Consider $$\begin{vmatrix} k & 0 & -k \\ 1-k & 3k-1 & 1 \\ k & 2 & 0 \\ \end{vmatrix}$$

First, I will add the third column to the first column,

$$\begin{align}\begin{vmatrix} 0 & 0 & -k \\ 2-k & 3k-1 & 1 \\ k & 2 & 0 \\ \end{vmatrix}&=-k\begin{vmatrix} 2-k & 3k-1 \\k & 2\end{vmatrix}\\&=-k(4-2k-k(3k-1))\\ &=-k(4-2k-3k^2+k)\\&=k(3k^2+k-4)\\&=k(3k+4)(k-1)\end{align}$$

Hence the determinant is $0$ when $k \in \{ 0, -\frac{4}{3},1 \}$.

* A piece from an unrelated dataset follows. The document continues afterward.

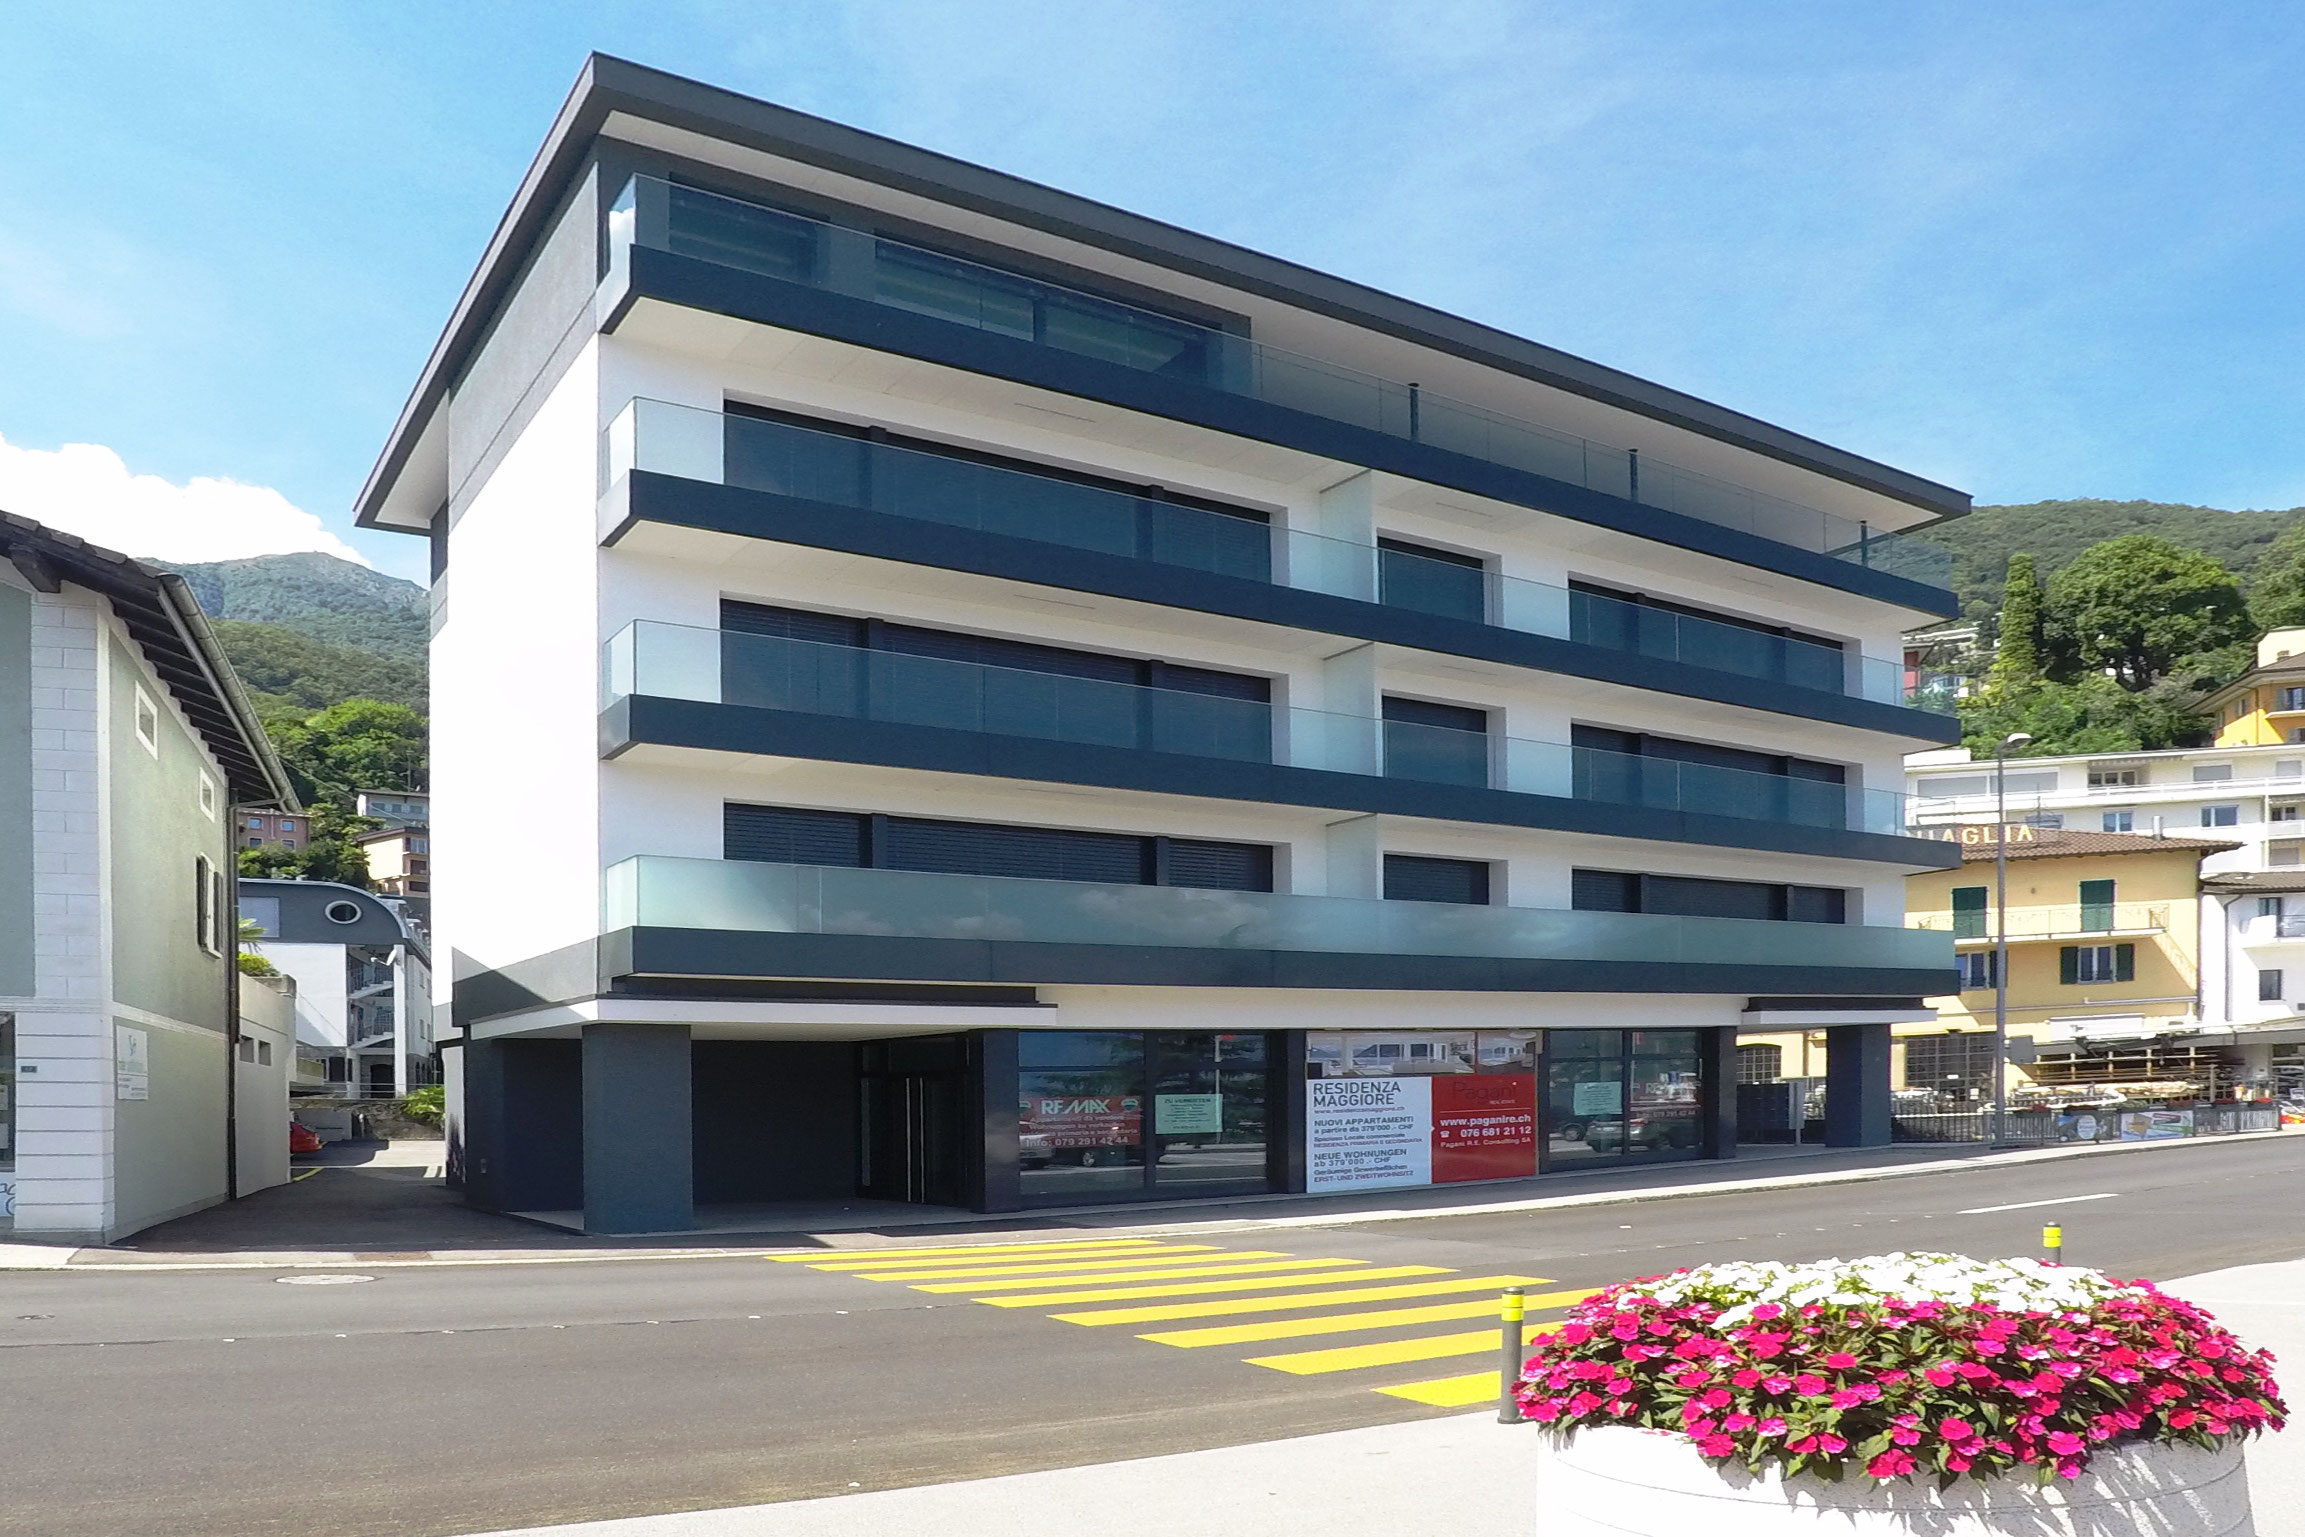 Residenza Maggiore - residenzamaggiore

A santiy check is that if you consider the determinant, you will only obtain a cubic equation. We shouldn't have $4$ roots.

Solution 2

You have divided by $3k-1$. You have to eliminate the case $3k-1=0$ before you do that. Check if you have done `division by zero' previously also. The determinant turns out to be $3k^3 + k^2 - 4k=k(k-1)(3k+4)$, so $\frac{1}{3}$ is a value for which the vectors form a basis. The other values are correct. Also, we can see that the determinant is a polynomial of degree 3 without computing it, so we can guess there can be at most 3 distinct values for which the vectors do not form a basis.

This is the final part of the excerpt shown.